Six may be a small number to be happy about, but still, I’m happy about it.

I’m happy about it even if this movie remembered the straight male gaze (which it guided toward the lower half or Gamora’s shapely body on more than one occasion) while kind of forgetting that some people like to objectify men, too (ooh, check out Star-Lord … in his long coat and mask). And before anyone points out that Drax is showing his hulking, muscle-bound chest pretty much the entire movie or that Groot has no clothes at all, let me just point out to you that they are not sexualized characters. Yes, my argument here is that Drax is no more sexualized than the guy composed entirely of vegetable matter CGI. This has a lot to do with camera angles, characterization, body language and the fact that there are no lingering shots of their butts.

We got that one scene of Star-Lord getting deloused in the prison, I guess, as part of the “Hooked on a Feeling” sequence. That was more funny than sexy, though. (And shot in a way that evoked very straightforward, face-off masculinity more than vulnerability.) Props to the producers, however, for resisting a Gamora prison shower scene, even when they could have tied it to the plot and such.

Four of the speaking-part ladies (the exceptions being Peter’s Mom and Nova Prime) were dressed in sexually-evocative ways, from Gamora’s catsuit to Nebula’s catsuit to Gamora’s other catsuit to Bereet’s shirt and undies (I think that’s what she was wearing) to Carina’s fetish dress with wrist cuffs to Gamora’s plunging mini-dress. Huh. Gamora has a lot of clothes for an assassin on the run.

Not that I hated said clothes. They were stylish; they looked cool. Carina’s outfit disturbed me with its “living-doll” vibe, but then again, it was supposed to. And there was probably some desire on the part of the filmmakers to prove to the audience that Gamora’s green goes all the way down. (In part because of the sexy factor and in part because an alien color-makeup feels more complete if it’s not just face and hands.)

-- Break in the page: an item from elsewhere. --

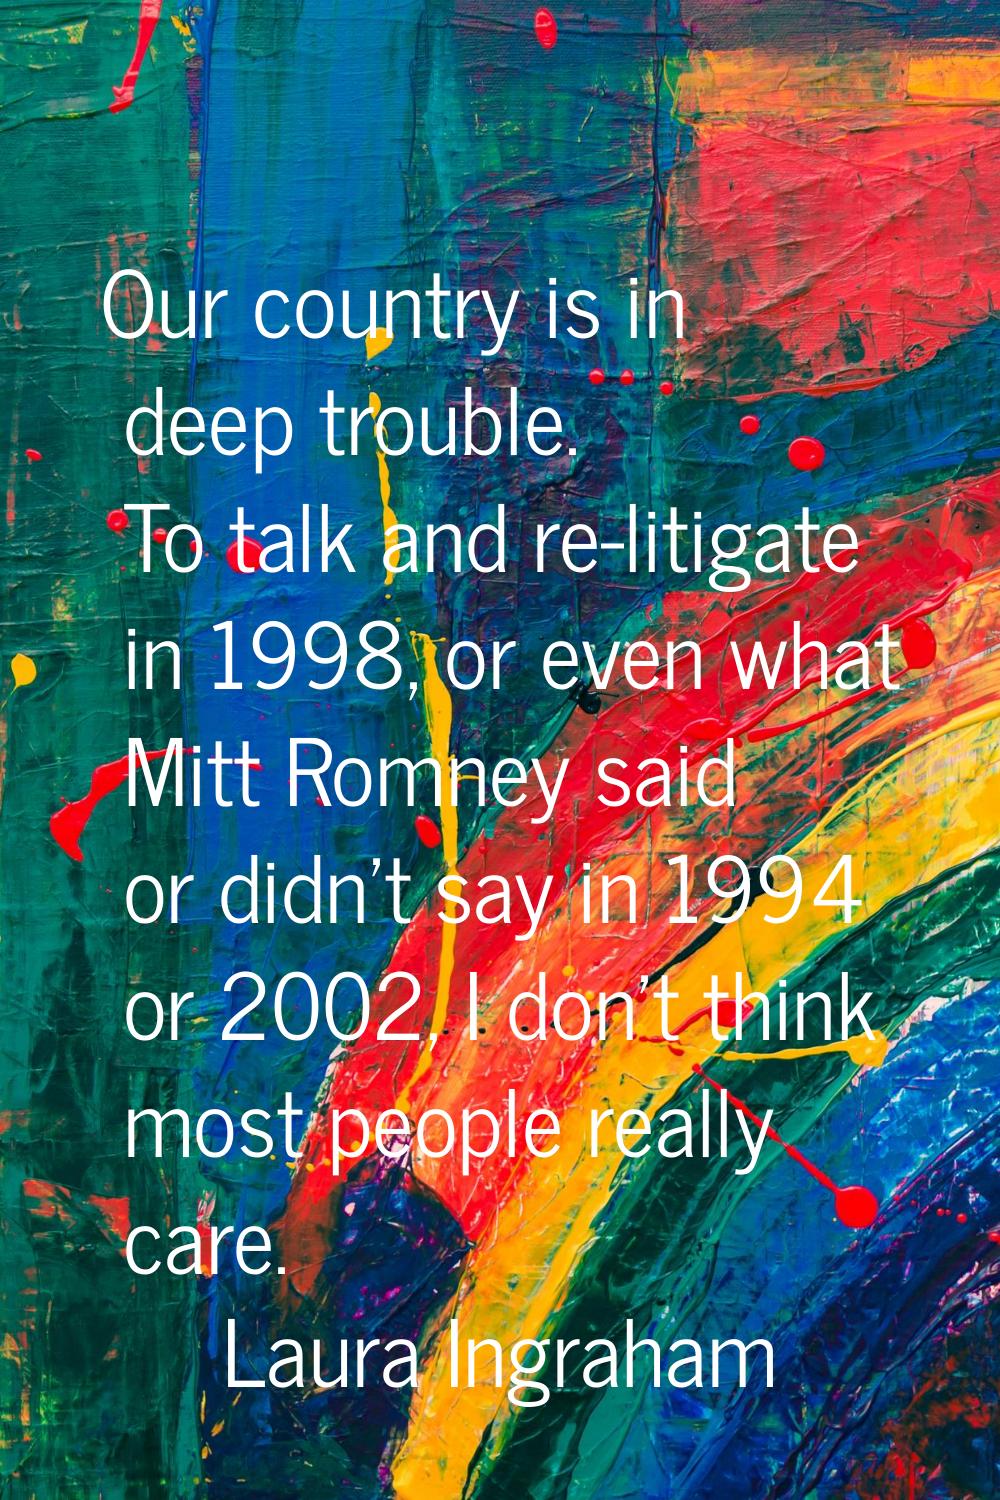 Our country is in deep trouble. To talk and re-litigate in 1998, or even what Mitt Romney said or d

And if I had the money for cosplay, and the time to go to events where cosplay happens, I would probably dress up as Nebula. That’s one villain who’s all style over substance, but I just don’t care, because the style is that good.

So, even if the studio kind of forgot that (straight, bi) women were looking (or remembered and just didn’t care), it still felt like they remembered that we were watching. This was a much more balanced (if still really skewed) ratio of male-to-female characters than I’ve come to expect from Marvel movies, and that was really nice. It was especially refreshing to see a woman in position of political power in Glenn Close’s Nova Prime.

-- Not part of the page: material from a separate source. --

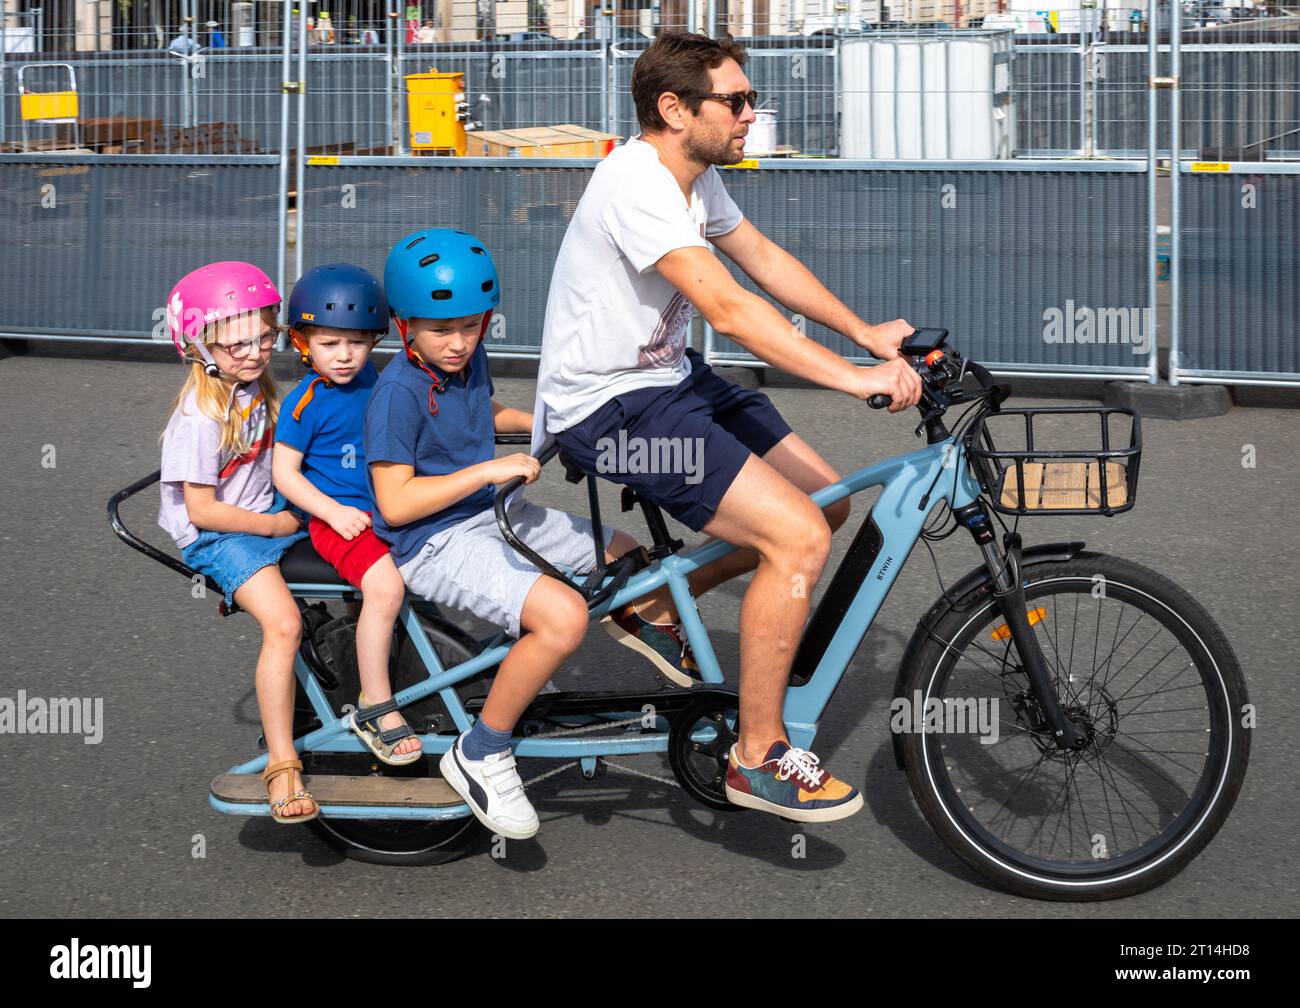 A father rides an electric bicycle carrying three young children on the rear in Paris, France. The bike is a Decathlon ELOPS BTWIN electric rear loadi Stock Photo

I do have a nit to pick, as always: Why does Drax call Gamora a “green whore” at the end, when he’s making nice with everybody? They spent the whole movie explaining how Drax’s people were super-duper literal and didn’t get metaphor, and yet, as far as we know, Gamora has never exchanged sex for money. (At least, it didn’t come up in the movie.) Was Drax learning how to metaphorically slut-shame women part of his character development or something?

And as a side note: Isn’t Gamora just kind of the universe’s most adorable assassin? She’s clearly the most ethical of the Guardians, at least in terms of her behavior in the course of the movie. (The group’s assassin is its moral compass. Makes sense.) And when she came in with “We’re just like Kevin Bacon!”, she ensured that I would love her forever. After Star Trek: Into Darkeness, Avatar, and now this, it’s starting to look like Zoe Saldana specializes in playing the sexy female “heart” of big-budget, male-led action SF cinema.